Singles from Captured
- "The Party's Over (Hopelessly in Love)" Released: February 14, 1981;

= Captured (Journey album) =

Captured is the first live album by the American rock band Journey. It was released on January 30, 1981, on the Columbia Records label. The album reached No. 9 on the Billboard 200 albums chart and went on to sell two million copies.

This album was recorded during the band's Departure Tour in 1980. Tracks 1–4 were taken from a performance recorded at The Forum in Montreal, Quebec, Canada, on August 8, 1980. Tracks 5 and 6 were from the performance at the end of the tour in Koseinenkin Hall, Shinjyuku, Tokyo, Japan, on October 13, 1980, and tracks 7–16 came from two shows at Cobo Arena in Detroit, Michigan, on August 4 and 5, 1980. The song "Dixie Highway" had not previously been (nor was it subsequently) recorded on any Journey studio album. Closing the album is the lone studio track, "The Party's Over (Hopelessly in Love)", which was released as a single.

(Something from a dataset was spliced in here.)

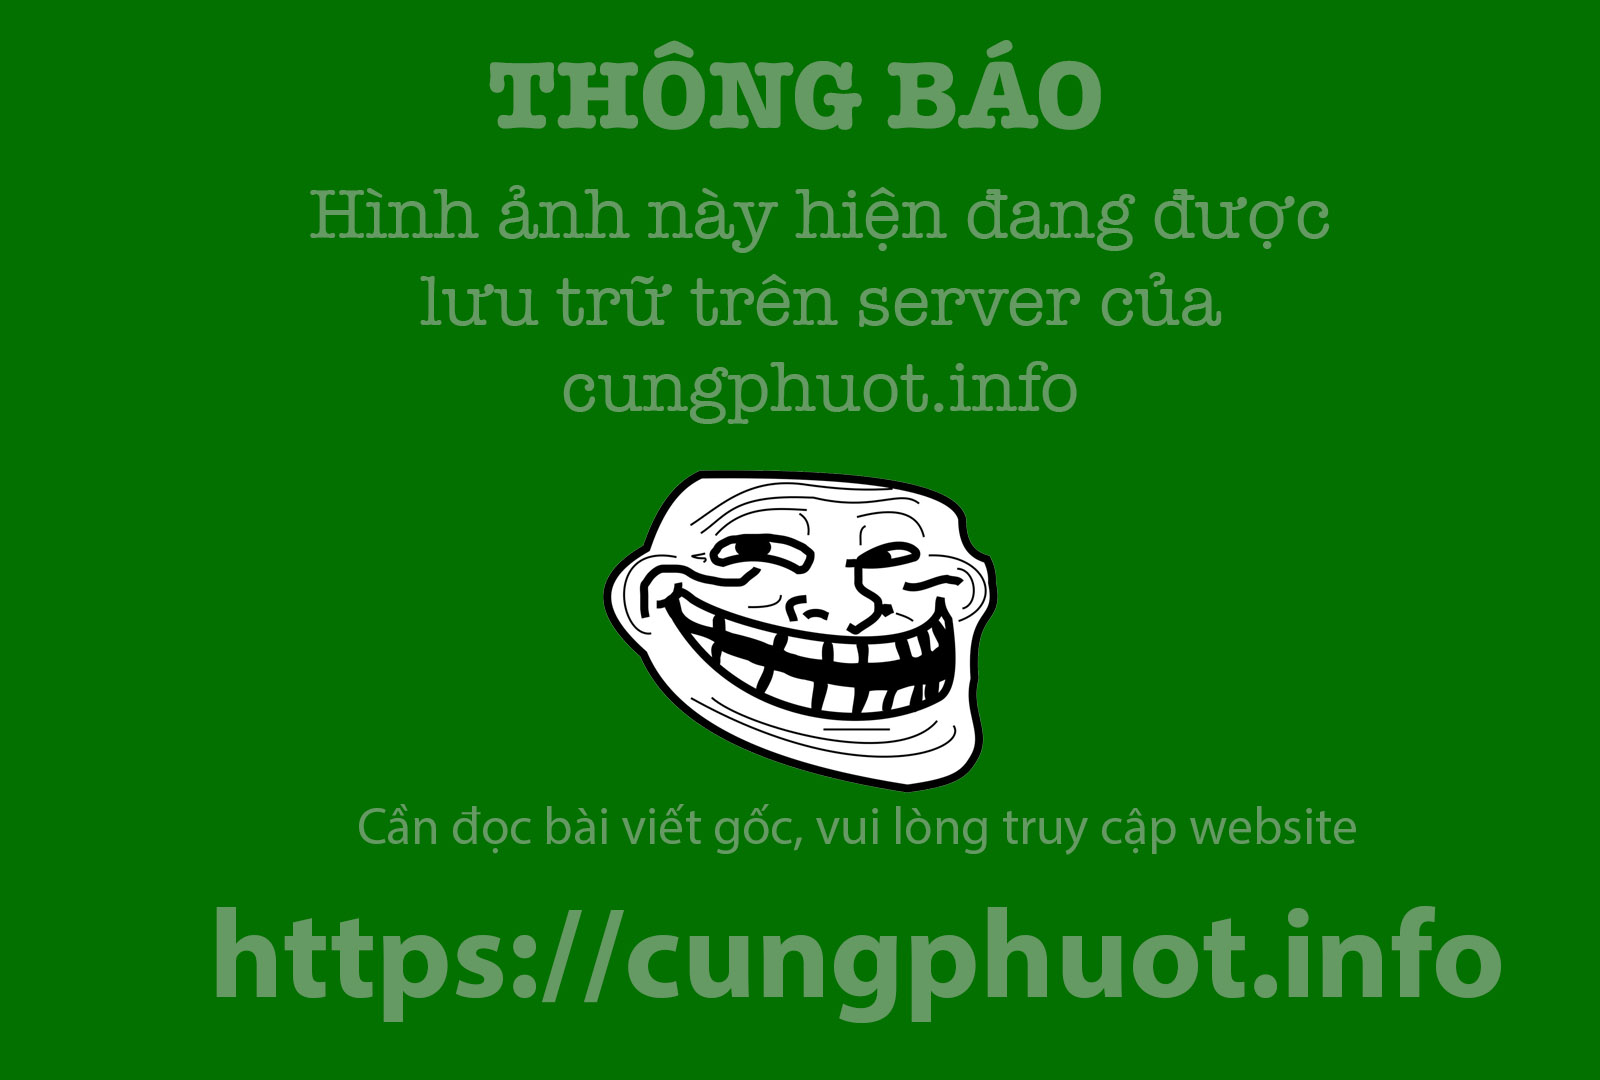 Co do Lam Kinh nhin tu tren cao hinh anh 3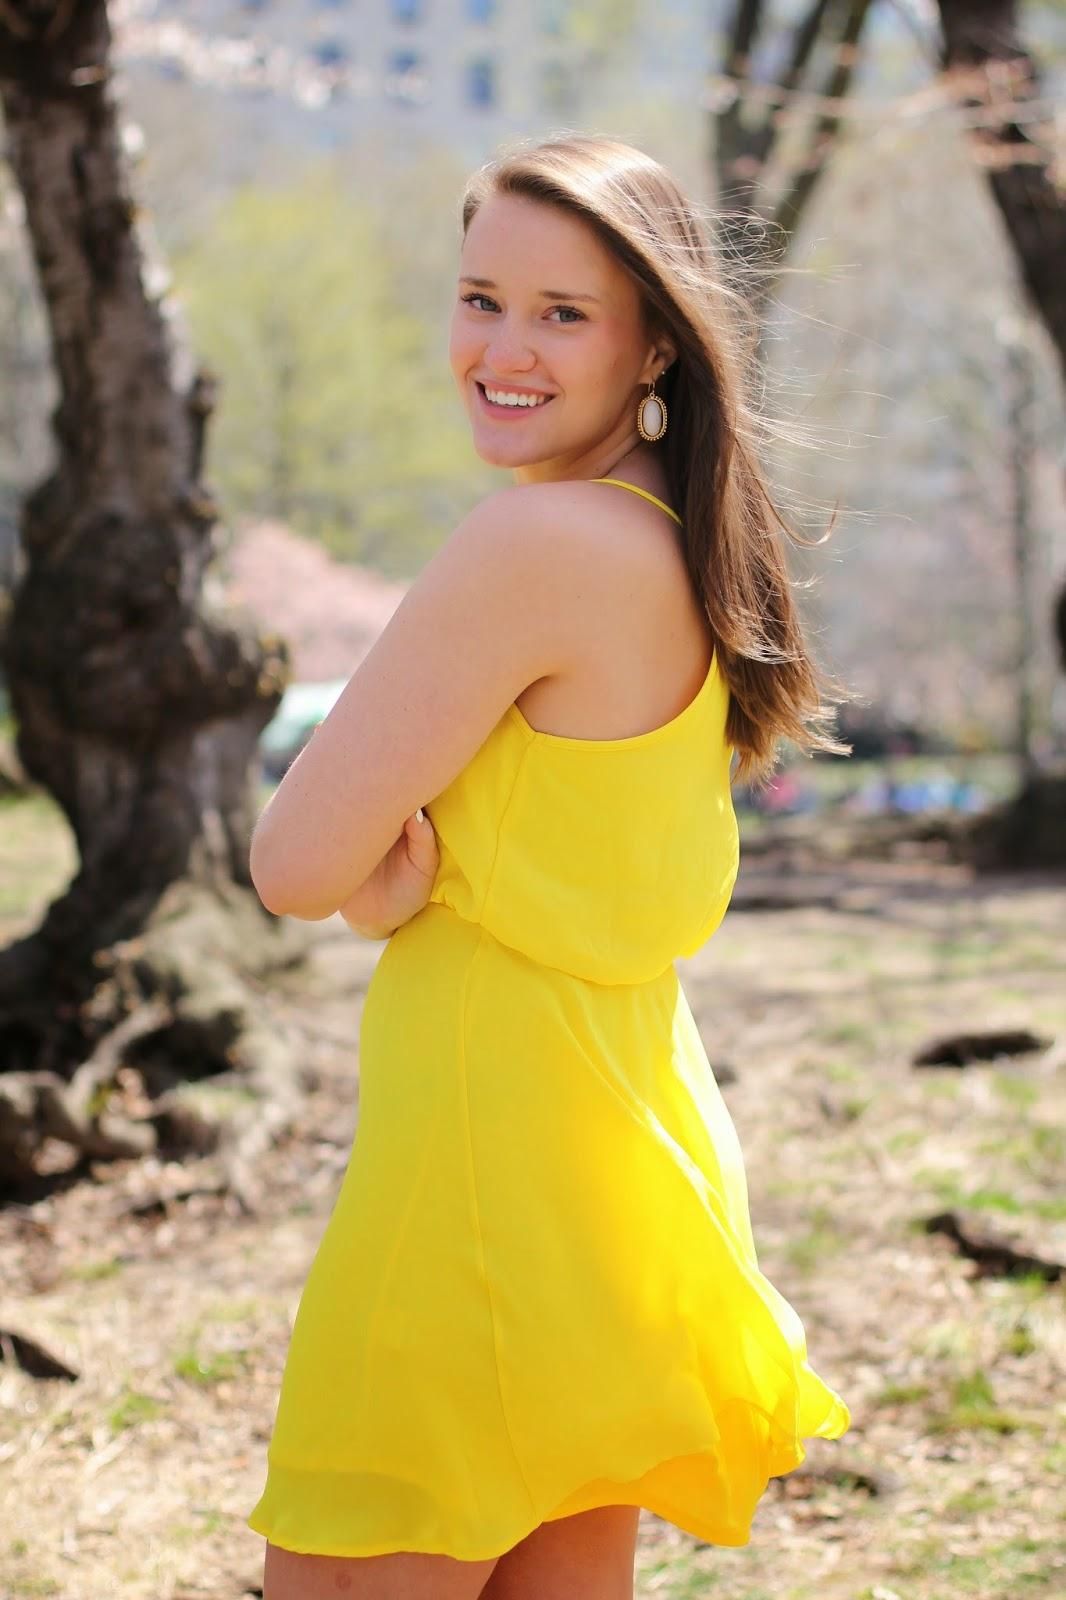 krista robertson, fashion blogger, nyc fashion blogger, southern blogger

In the liner notes, the album is dedicated to AC/DC lead singer Bon Scott, who died in February 1980. Scott is referred to as "a friend from the highway," as AC/DC had supported Journey the previous year on their "If You Want Blood" tour.

This was the last Journey album for keyboard player and founder Gregg Rolie.

Record World called the single "The Party's Over (Hopelessly in Love)" a "shining testimony to the band's commanding stage presence."

Professional ratings
Review scores
| Source | Rating |
| AllMusic | Star |

==Track listing==
All tracks written by Steve Perry and Neal Schon, except where noted.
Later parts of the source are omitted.